▸ **TASK TO COMPLETE**:
Pictures do not belong in the copy. Output exactly the lines from the one containing "Gondeliers que compete" to the end of the listing below.

▸ **DATASET EXTRACT**:
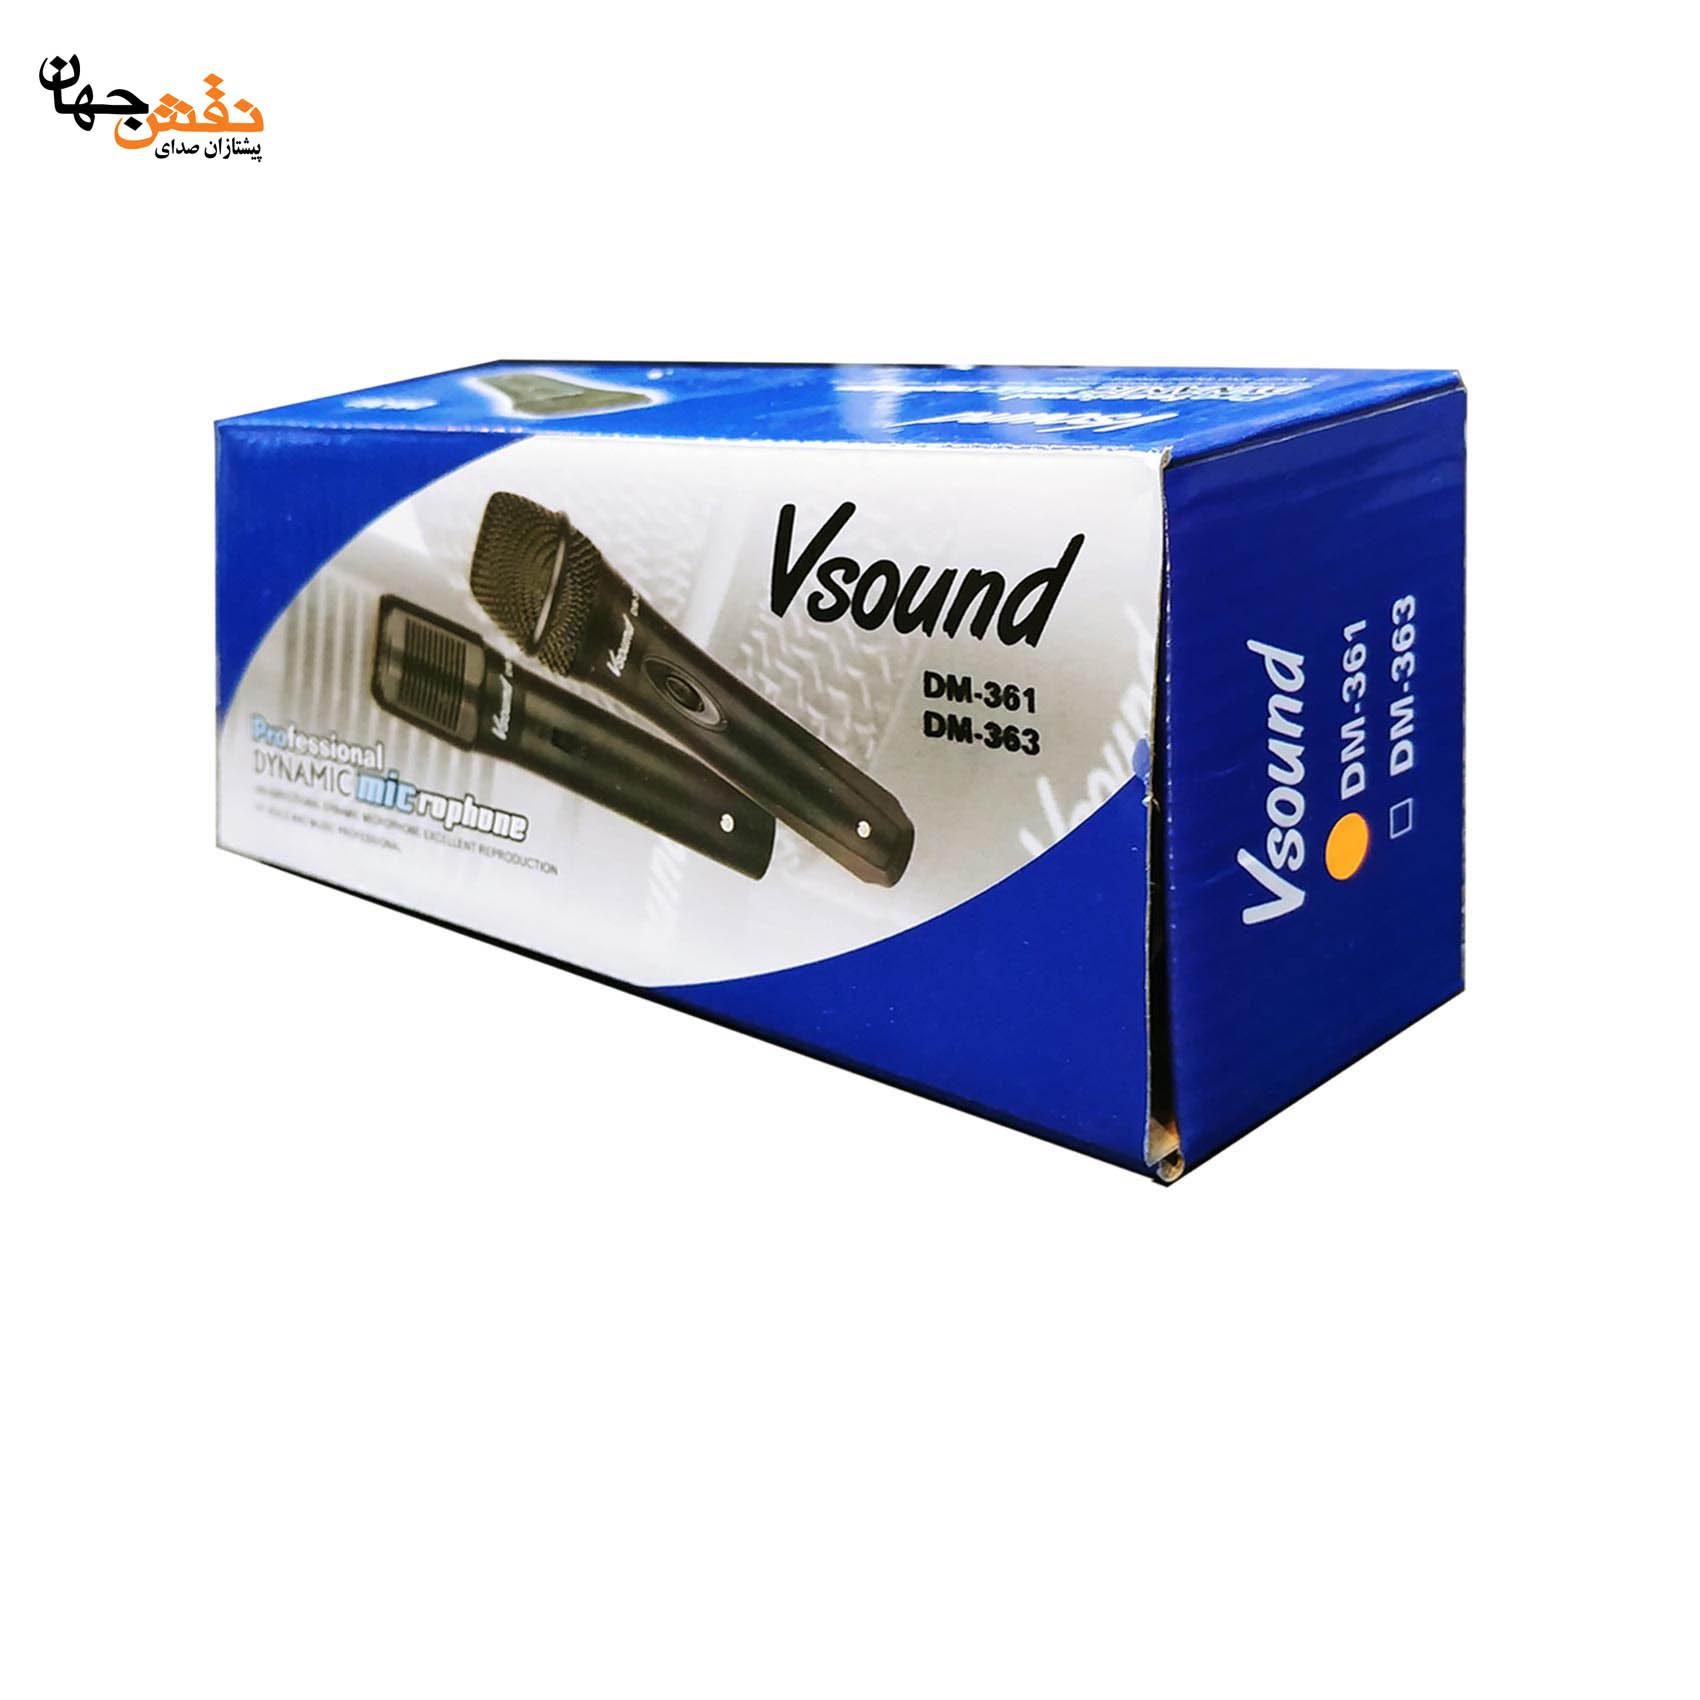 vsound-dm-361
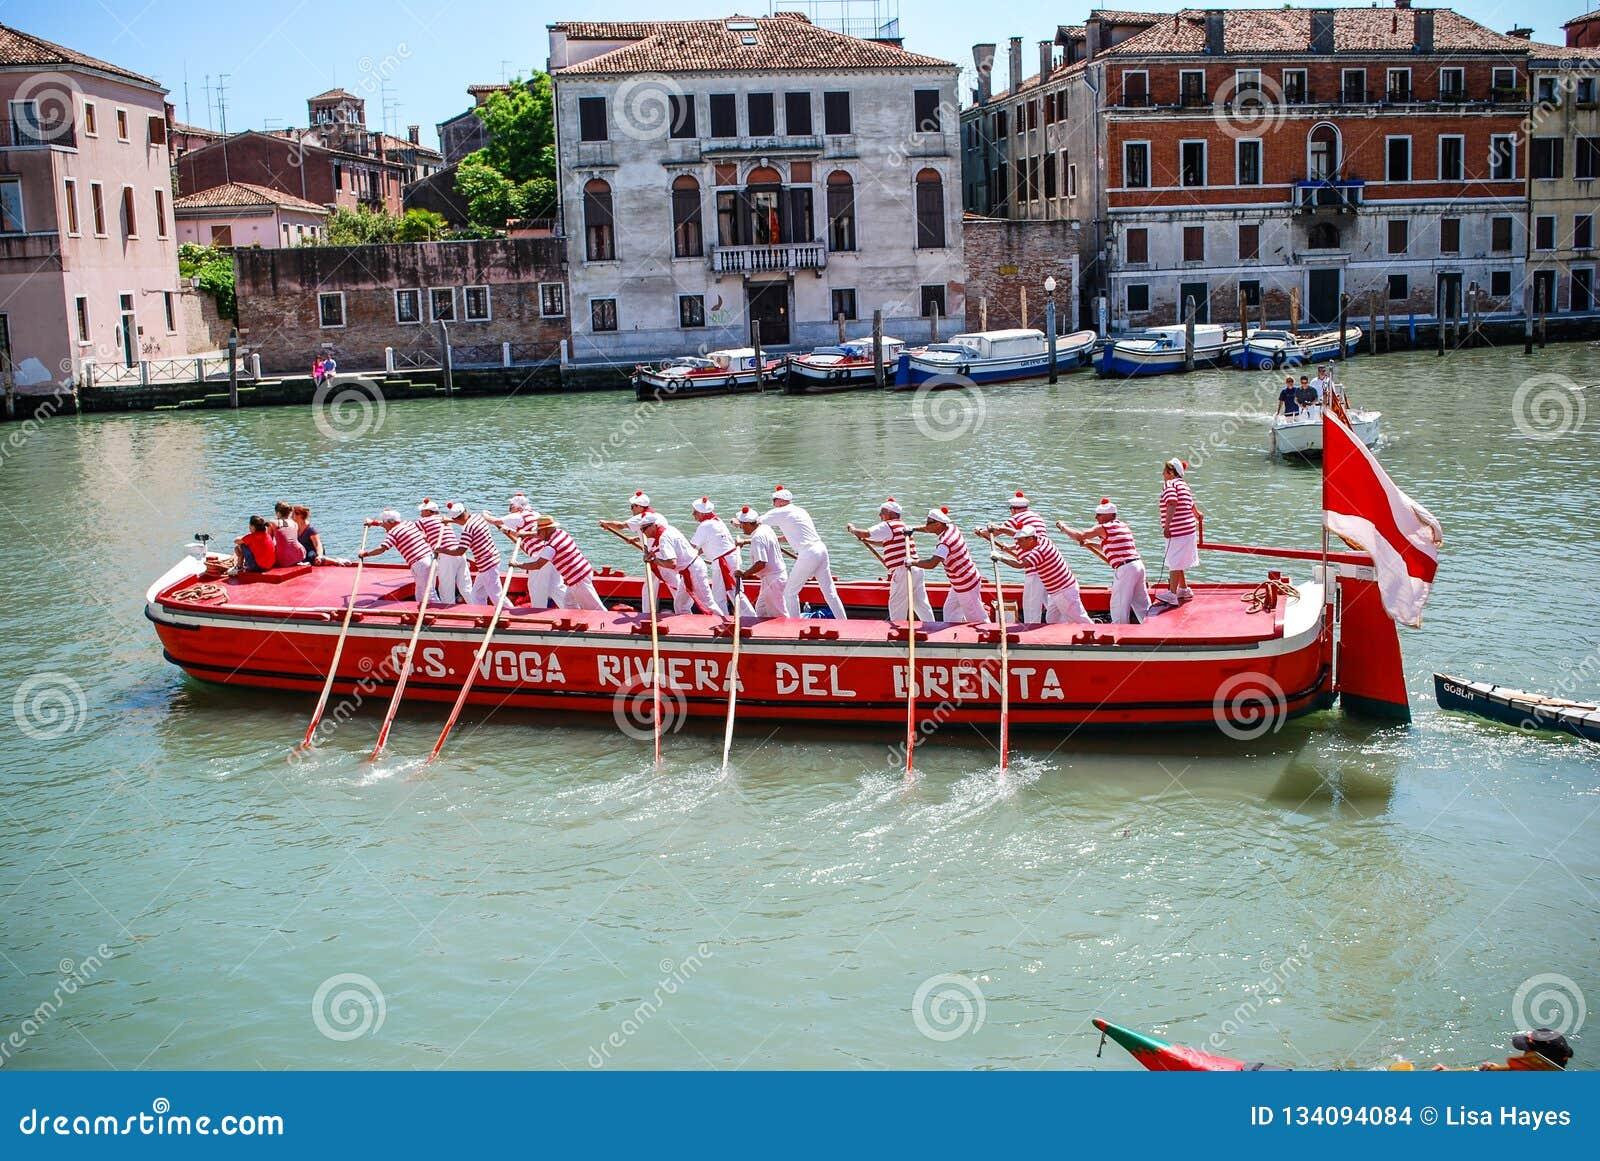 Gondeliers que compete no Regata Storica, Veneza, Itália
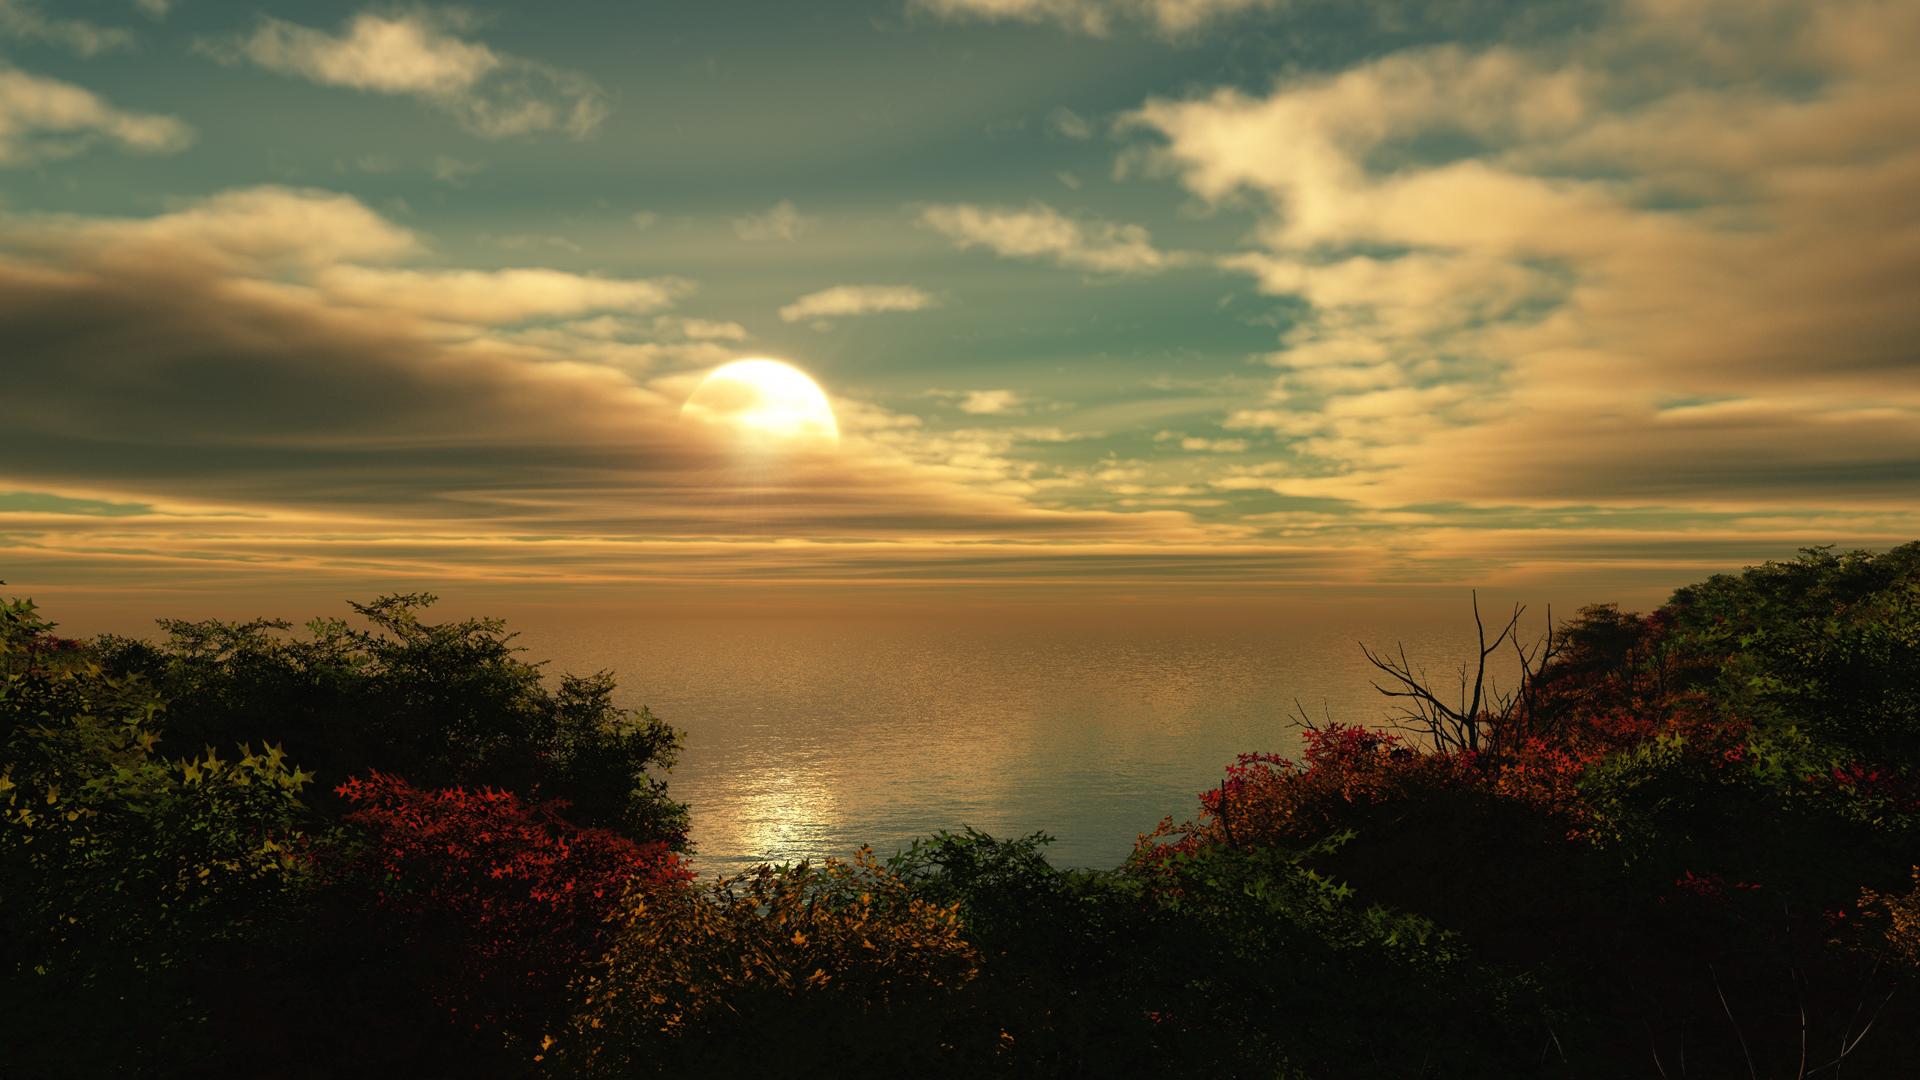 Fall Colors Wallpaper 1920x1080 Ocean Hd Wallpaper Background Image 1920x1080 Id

▸ **ANSWER**:
 Gondeliers que compete no Regata Storica, Veneza, Itália
 Fall Colors Wallpaper 1920x1080 Ocean Hd Wallpaper Background Image 1920x1080 Id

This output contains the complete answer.